What is the smallest volume junction box that can be used for a configuration with conduits #1 and #4 each containing twenty-four 10 AWG wires, conduits #2 and #5 each containing twelve 6 AWG wires, conduits #3 and #6 each containing sixteen 8 AWG wires, and all conductors are wire-nutted inside the box with grounds equal to the circuit conductors?

• A. 6" × 6" × 4" deep
• B. 8" × 8" × 4" deep
• C. 10" × 10" × 4" deep
• D. 12" × 12" × 4" deep

Answer: (C)

Box-fill calculations (NEC 314.16(B)) determine the minimum box volume by counting every conductor that enters the box and is spliced or terminated inside, adding one for all equipment grounding conductors, plus any internal clamps. In this setup, every conductor entering the box is spliced inside, so all conductors count toward fill. There are 24 wires of 10 AWG in each of two conduits (total 48), 16 wires of 8 AWG in each of two conduits (total 32), and 12 wires of 6 AWG in each of two conduits (total 24). So we have 48 of 10 AWG, 32 of 8 AWG, and 24 of 6 AWG.

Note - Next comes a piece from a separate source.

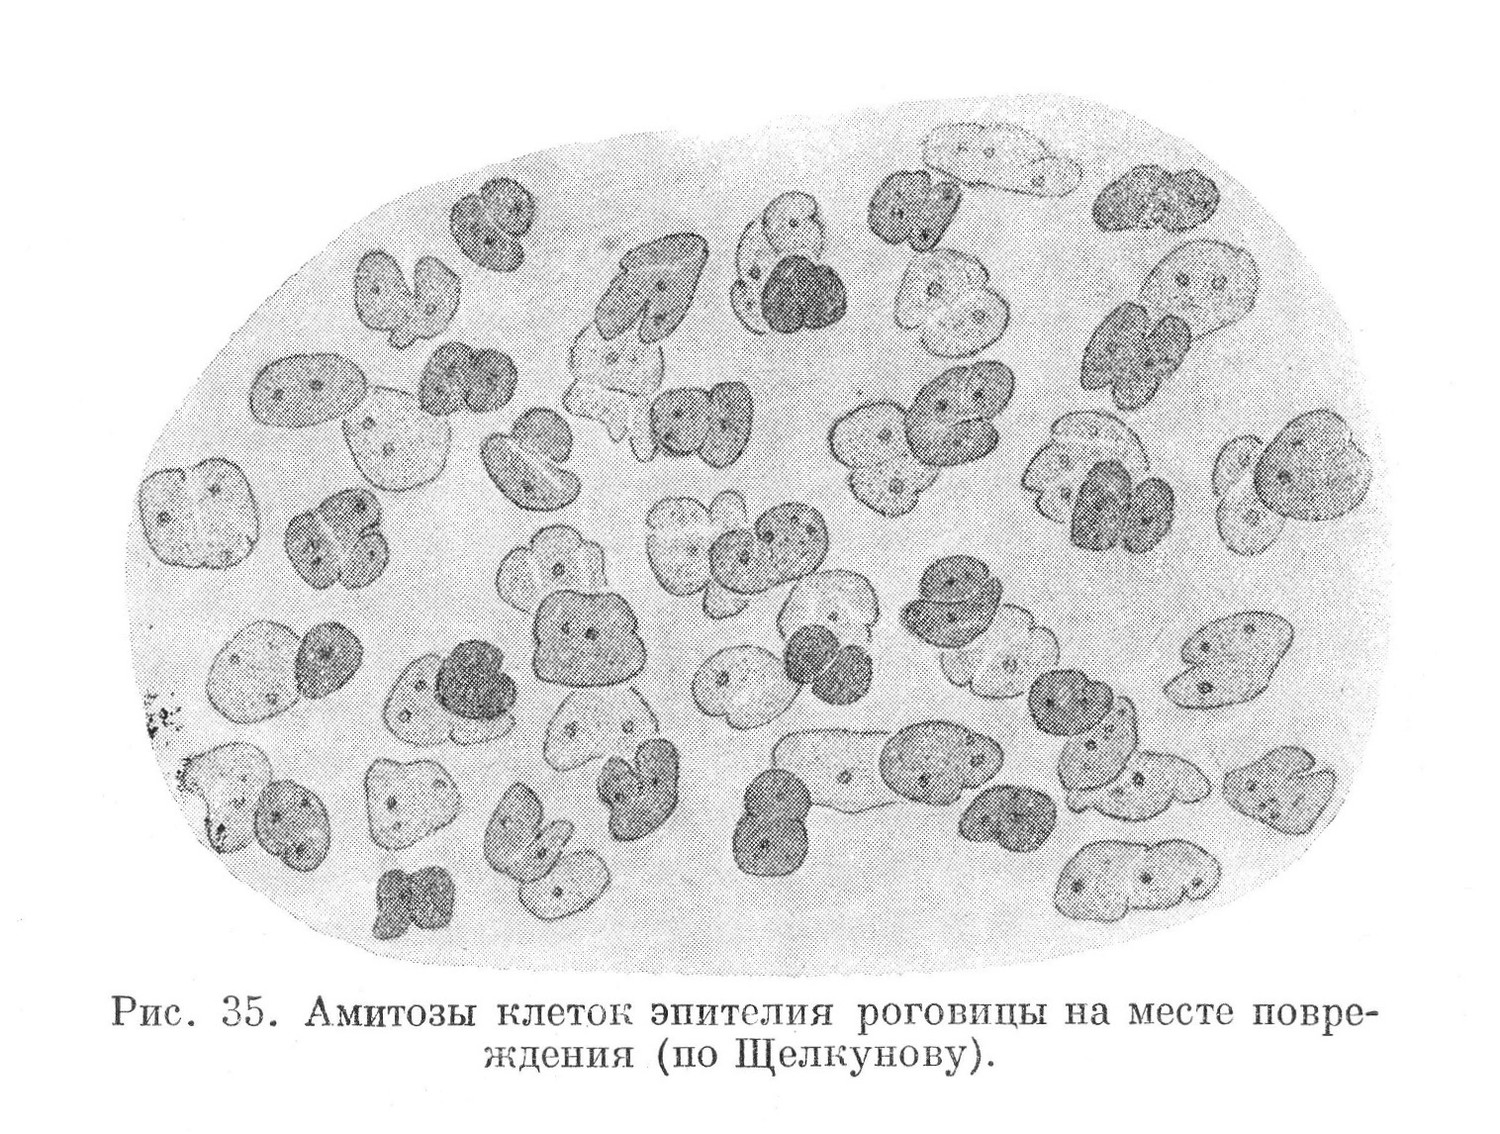 Амитозы клеток эпителия роговицы на месте повреждения (по Щелкунову).

Use the standard fill volumes: 10 AWG = 2.5 in^3 per conductor, 8 AWG = 3.0 in^3, 6 AWG = 5.0 in^3. The current-carrying conductors contribute 48×2.5 = 120 in^3, plus 32×3.0 = 96 in^3, plus 24×5.0 = 120 in^3, totaling 336 in^3.

Grounding conductors, inside the box and tied together, count as a single conductor toward fill, and use the volume of the largest grounding conductor present, which is 6 AWG (5.0 in^3).

Total required fill = 336 + 5 = 341 in^3. The smallest box that meets or exceeds this is 10" × 10" × 4" (400 in^3). So that is the smallest acceptable box.